Все свадьбы звезд шоу-бизнеса на сайте skorozamuj.com

Луи Бертран переименовывает себя в Луи-де-Судак и как бы скрепляет этим свою судьбу с судьбой новой родины. Его изыскания о смерти в Крыму маркизы Де Ла-мотт-Валуа, знаменитой по скандальному процессу с ожерельем Марии Антуанетты, известные всем историкам очерки по Крыму рекомендованы французским министром просвещения во все французские школы. Луи Бертрана знала вся Феодосия. Он очень напоминал внешностью Ги де Мопассана. Высокий, несколько полноватый, он был аккуратным посетителем всех концертов, благотворительных гуляний. Только однажды мне пришлось с ним встретиться и говорить, и то по вопросу о переходе моей жены в русское подданство.

Бертран жил в небольшом двухэтажном домишке, недалеко от католической церкви, подле сквера. За десять лет, что я не видел Бертрана, он обрюзг и показался мне чрезвычайно вялым и апатичным. Наша беседа носила не совсем спокойный характер, но расставание было отменно вежливое. В нем сказывался человек большой культуры и утонченного интеллекта. Таковы были оба друга старой Феодосии, такова была сила романтики ее прошлого.

Я перечислил почти всех замечательных людей Феодосии, но я не сказал еще ни слова о талантливейшем феодосийском сатирике, стихотворце и куплетисте — Алексее Алексеевиче Полевом. К этому неудачнику и спившемуся человеку феодосийцы привыкли подходить как к шуту, забавляющему их злыми эпиграммами на караимское купечество, на отцов города и всякое начальство.

Бритый, высокого роста, с лицом слегка обрюзглым от непомерного количества выпиваемого алкоголя, в форменной фуражке инженерного ведомства Полевой весьма часто в кругу мальчишек читал нам бичующие свои стихи. Он выступал перед нами, когда был пьян. С гримасами, смеющейся интонацией, он громким голосом декламировал где-нибудь под колоннами Итальянской улицы и привлекал к себе внимание гуляющих.

Большой изобразительной силой и сарказмом отмечались всегда стихи Полевого. Его сравнения и эпитеты поражали остроумием. Он всей душой ненавидел тупую, ограниченную и консервативную караимскую буржуазию и бичевал ее с силой большого мастера слова. Не пей он, и из него вышел бы крупнейший сатирик. Доставалось от него и многим из городской плутократии. В своей поэме «В стране Гиперборийской» Полевой вывел в смешном виде феодосийскую полицию, суд и купечество. Нет, Полевой не был шутом, как представлялся он феодосийцам. Родись этот неудачник — поэт в другое время, и его вознесли бы на Парнас талантливые сатиры.

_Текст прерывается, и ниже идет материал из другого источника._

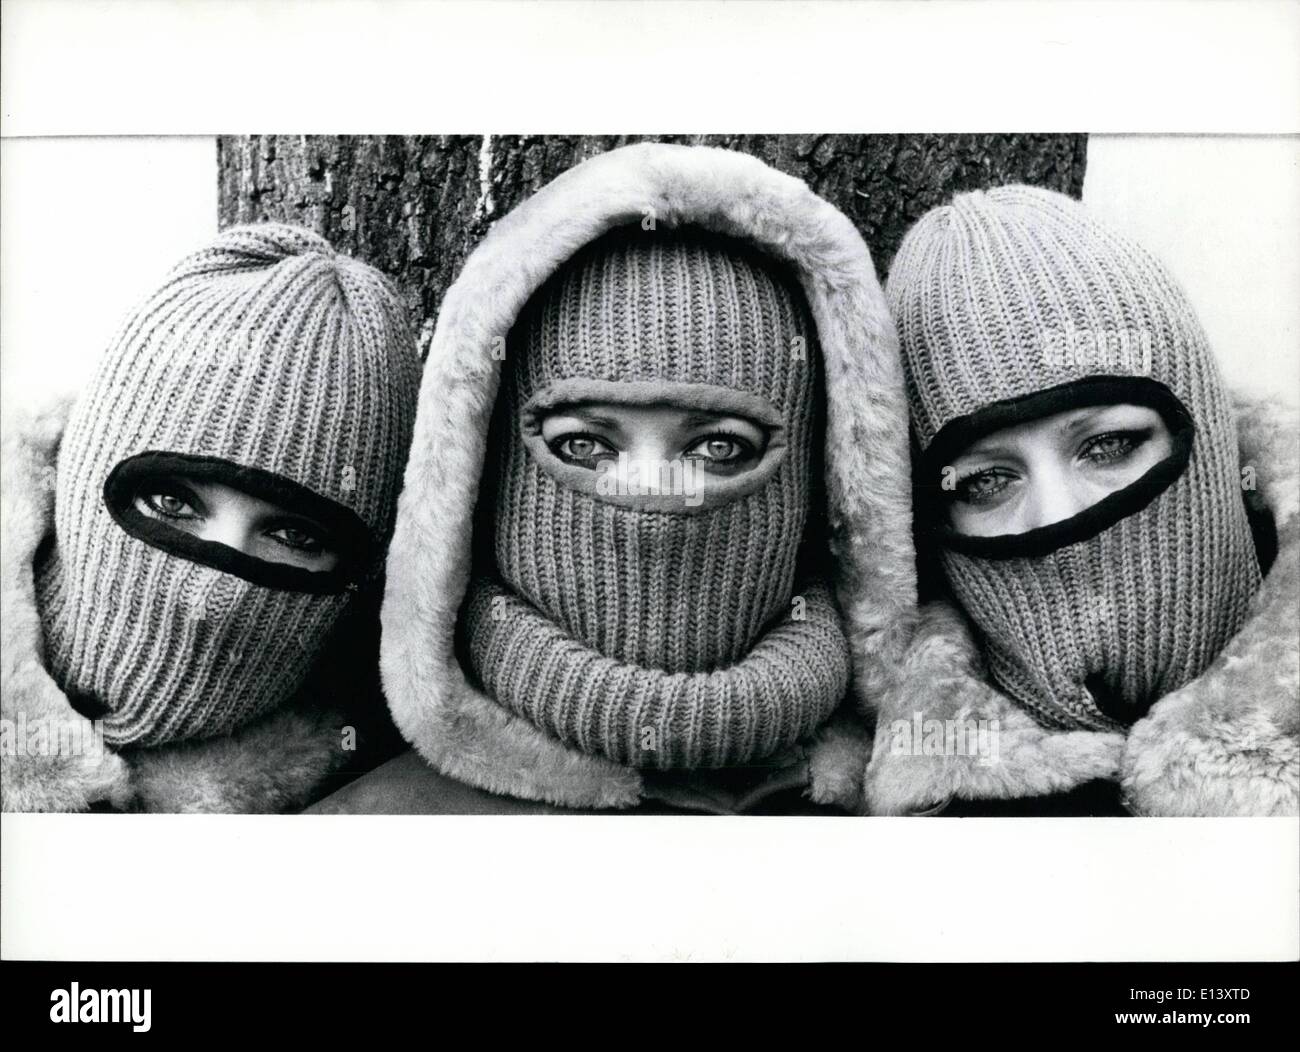 27 mars 2012 - chaud, plus chaud, le plus chaud ! Manifestant contre la chaleur qui règne sur l'Europe, sont vus ces trois jeunes femmes faisant d'une façon extraordinaire : très chaud avec ces bouchons semblable à un masque. Bien sûr ce mode de tricotage est faite pour les jours d'hiver, en provenance de la Suède, mais qui sait, peut-être été effrayé à cette vue, tournant un peu froid. Banque D'Images
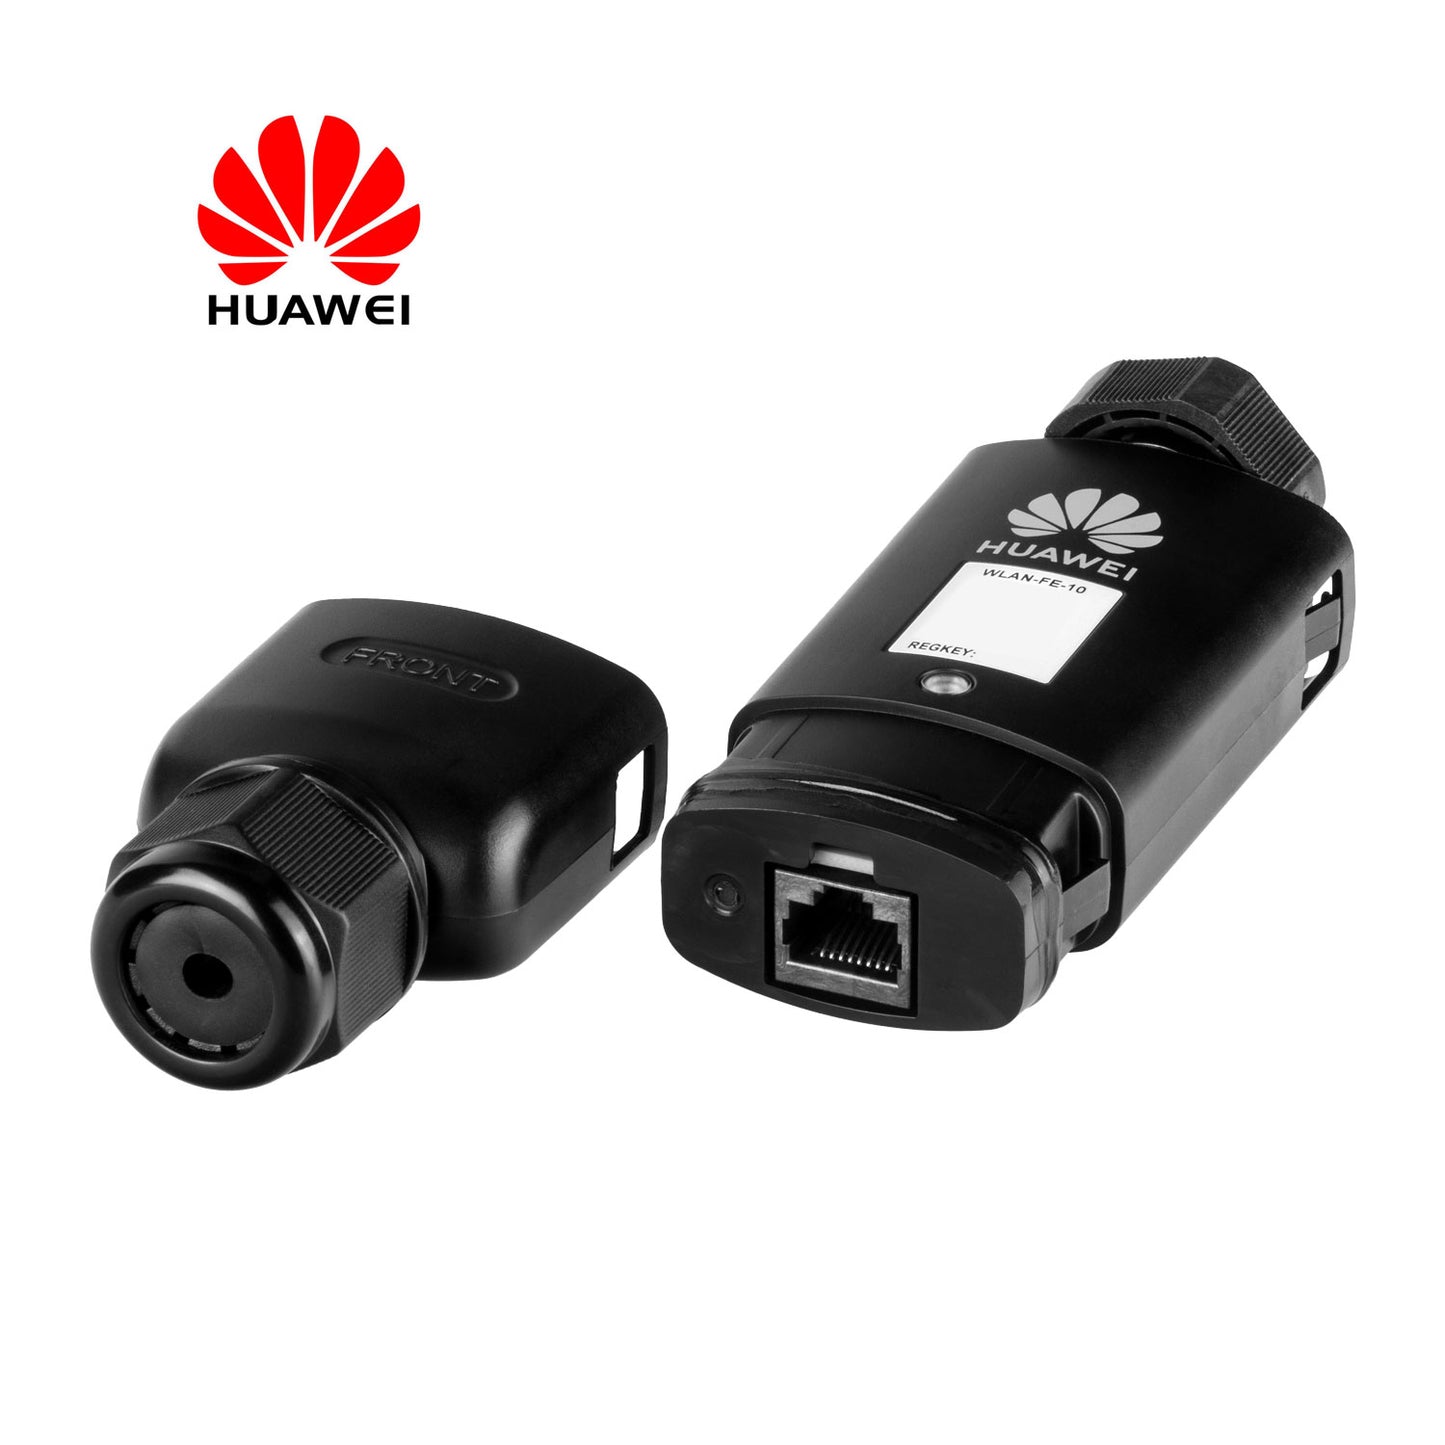 Huawei SDongleA-05wlan-fe

Я учился с сыном А. А. Полевого в городском училище. Полевой много раз читал нам свои произведения прежде, чем пустить их по городу. С Полевым состязался в остроумии еще один феодосийский буфетчик пристани Русского общества «Пар и Торг». Буфетчик имел неимоверно большие усы, горбатый нос и навыкате глаза. Звали его, кажется, Саша. С заметным грузинским акцентом произносил он рифму своих стихов. В них отсутствовала даже тень юмора Полевого.